Even worse, there are entities which are listed with GB-CFS identifiers in some records and GB-COH in others, which complicates the matter further.

{"id":"GB-CFS-83749","name":"BIFFA WASTE SERVICES LIMITED"}
{"id":"GB-COH-00946107","name":"BIFFA WASTE SERVICES LIMITED"}

In short, identifying suppliers who were awarded multiple contracts can't be done reliably. It's entirely possible to end up with two supplier records for the same company and an inaccurate picture of its contracts. This adds another layer of complexity to what's already an unpleasant problem.

Context/Namespace

It's important to know that many types of entities (like trusts, charities, local authorities, etc) can be awarded public contracts. These don't have Companies House registration numbers, and it's unclear at this stage how many of them fall into the 59% without a GB-COH ID.

It's often possible to infer the entity type from the supplier's name if, for example, it contains words like "TRUST", "CHARITY", etc. This has some value in manual investigative efforts, but it's not a reliable approach for automated data linking.

More importantly, with the exception of GB-COH identifiers, the Contracts Finder records contain no information about the entity type, or the way it can be dereferenced.

{
    "id": "GB-CFS-244478",
    "name": "Alexandra Rose charity",
    "identifier": {
        "legalName": "Alexandra Rose charity"
    },
    "address": {
        "streetAddress": "BN1 3XG"
    },
    "details": {
        "scale": "sme",
        "vcse": false
    },
    "roles": [
        "supplier"
    ]
}

For example, suppose a charity number is indeed present as a supplier ID (maybe prefixed by GB-CFS). The record would still be missing essential context for the consumer to determine that this ID can be matched against the Charities register - or any other register, for that matter.

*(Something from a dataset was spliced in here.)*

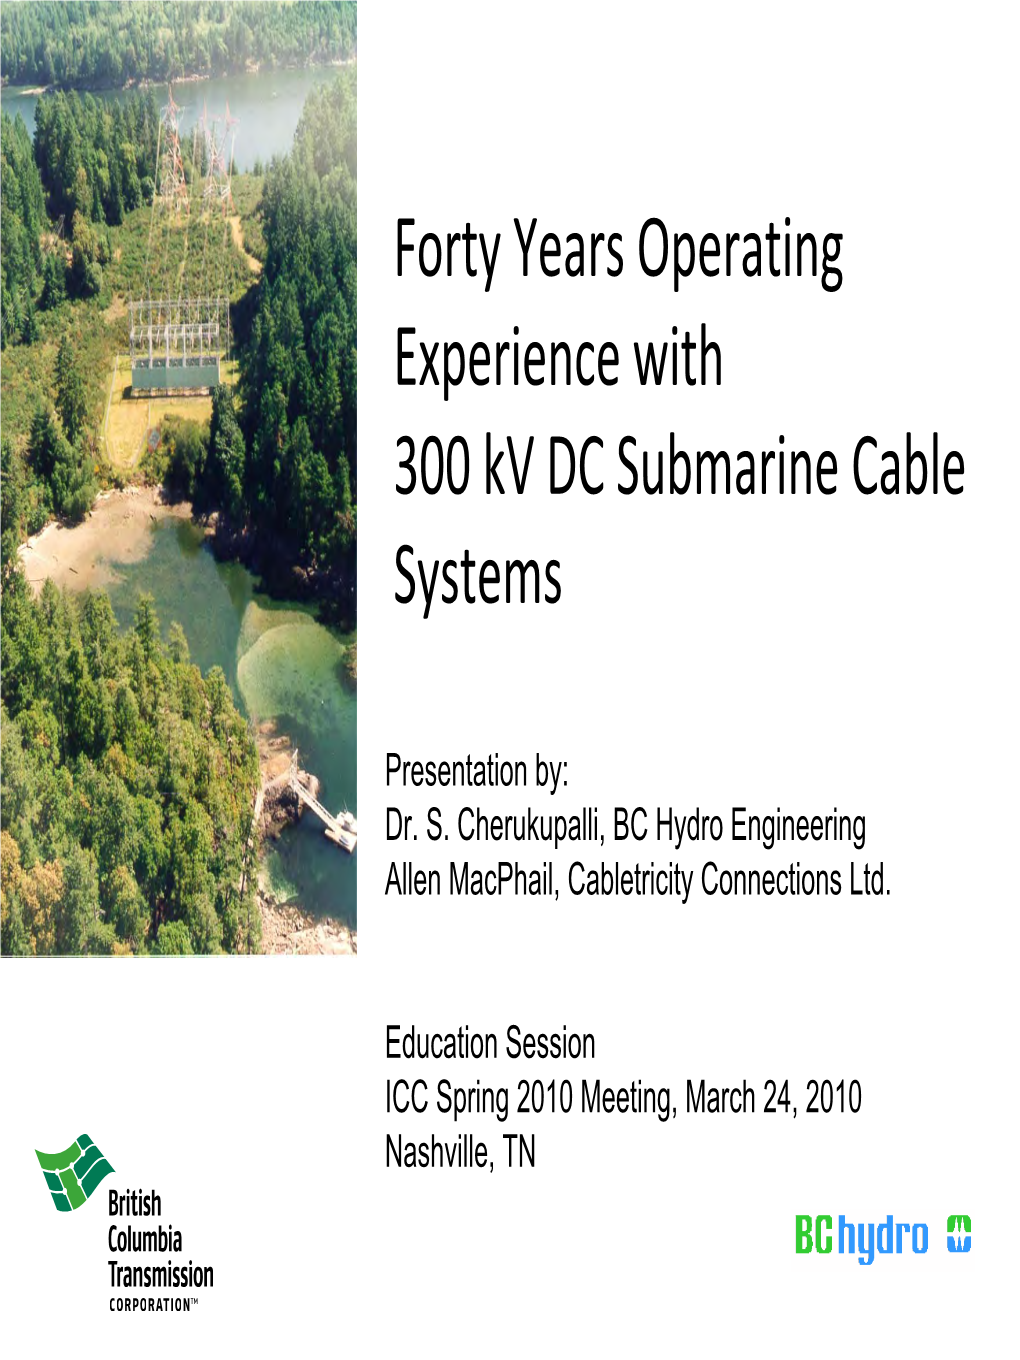 Utility Experience with HVDC Submarine Cables

This can probably be addressed with a simple namespacing approach for producing these IDs. It does, however, require either a) abandoning the internal GB-CFS identifiers altogether or b) maintaining some mapping between those and the external references. The latter isn't ideal, but it's workable if this mapping is public.

                                                                            

In conclusion, there are at least three key points to the discussion around Contracts Finder identifiers:
  • Consistent use of Companies House IDs where applicable.
  • Consistency of supplier IDs across records
  • Context for dereferencing the supplier

These are all equally important in addressing this gap, particularly in an age of large-scale data processing and automated record linking. Augmenting public records with external references will be essential for delivering against the principles of public sector transparency.